С приближением выпускных экзаменов некоторые преподаватели начали на нее злиться. Светила вроде Холстеда Ослера и иже с ними, наслышанные о ее склонности к самостоятельному научному мышлению, свели экзамены по медицинским дисциплинам к чистой формальности и ставили ей проходные баллы. Гертруда Стайн постоянно смеялась, и проблем от этого меньше не становилось. Ей задавали вопросы, хотя, как она говорила друзьям, с их стороны было глупо спрашивать именно ее, когда кругом столько желающих дать правильный ответ. И все-таки время от времени ей задавали вопросы и по ее собственным словам, что тут поделаешь, ответов она не знала, а они не верили, что она не знает, им казалось, что она не отвечает потому, что не считает преподавателей достойными ее ответов. Положение было безнадежное, по ее словам, извиняться и объяснять им, что ей настолько все это надоело, что она не в состоянии запомнить элементарнейших вещей, которых даже самый тупой студент не может не знать, было никак невозможно. Один преподаватель сказал, пускай все светила науки ей потворствуют, он считает, что ей необходимо преподать урок, и не поставил ей проходного балла, и она не смогла получить степень.
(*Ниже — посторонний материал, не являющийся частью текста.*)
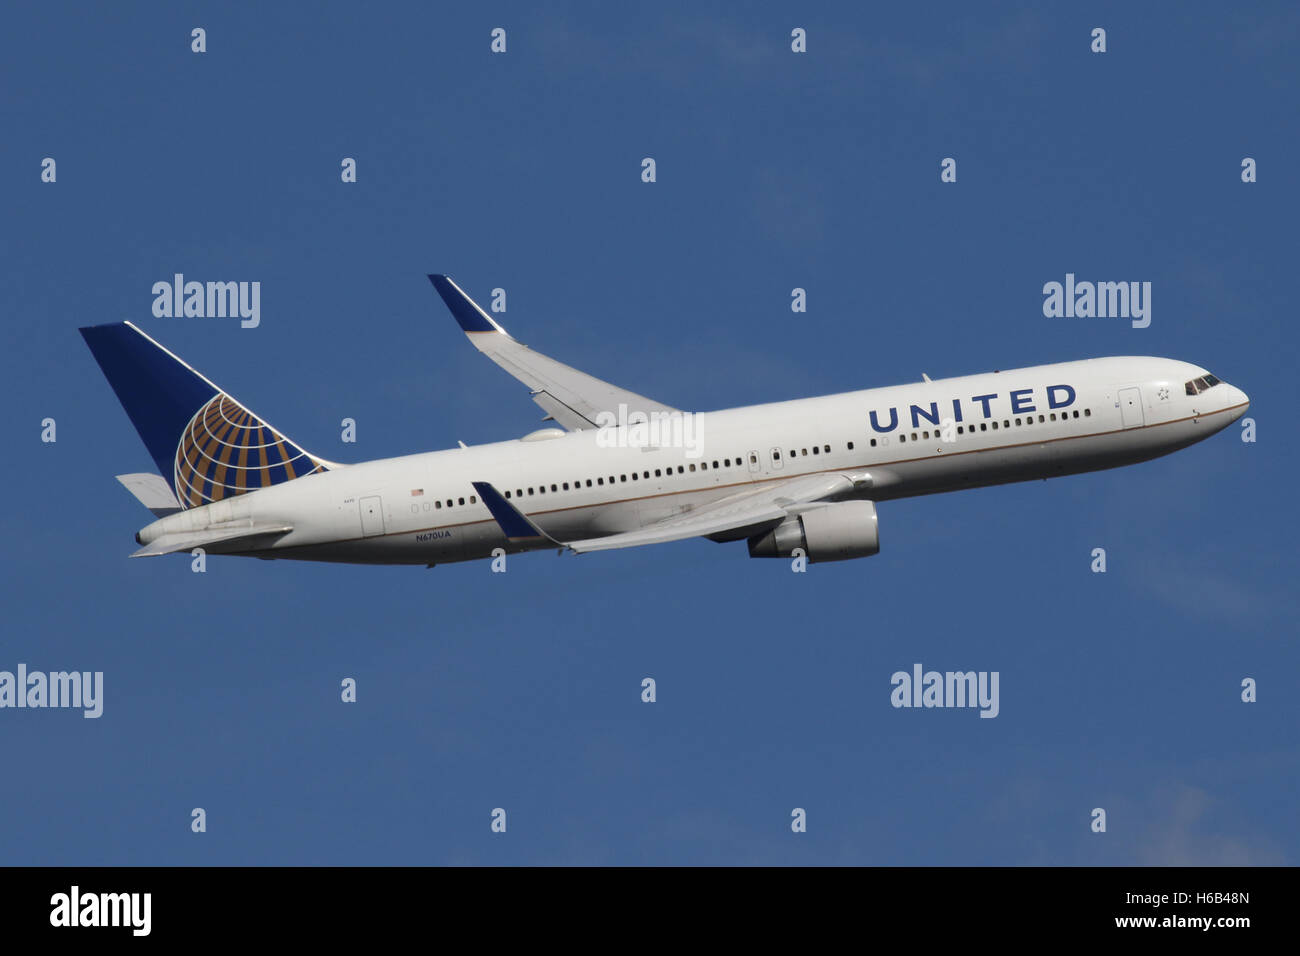 UNITED 767 WINGLETS - Stock Image

Нить вторая — сестры Коун. В начале учебы в университете Гертруда близко подружилась с сестрами Коун — Кларибель и Эттой, которых знавала еще раньше по Балтимору, до учебы в Радклиффе.

Семейство Коун жило в Балтиморе, где обосновались и Кейзеры, родственники Стайнов по материнской линии. Обе семьи принадлежали к одному социальному слою. Неудивительно, что когда Гертруда и Лео вернулись в Балтимор для учебы в университете, они быстро и близко сошлись с сестрами Коун. Кларибель играла по отношению к младшей такую же роль, как Лео — к Гертруде. Тогда как старшая сестра обладала блестящим умом, была независимой и упорной, Этта отличалась усердием и серьезностью. Кларибель одной из первых и против желания семьи закончила медицинский колледж, прошла интернатуру, сама преподавала и вела исследования в университете Джонса Гопкинса.

У Кларибель Гертруда училась независимости взглядов, самостоятельности и энергии, но поверяла свои тайны сестре младшей.

вернуться

3

Лео вспоминал: «Мой немного эксцентричный отец однажды уволил кухарку, поскольку хотел, чтобы его дочери научились кухарить. Все, что пыталась готовить Гертруда, выходило скверным».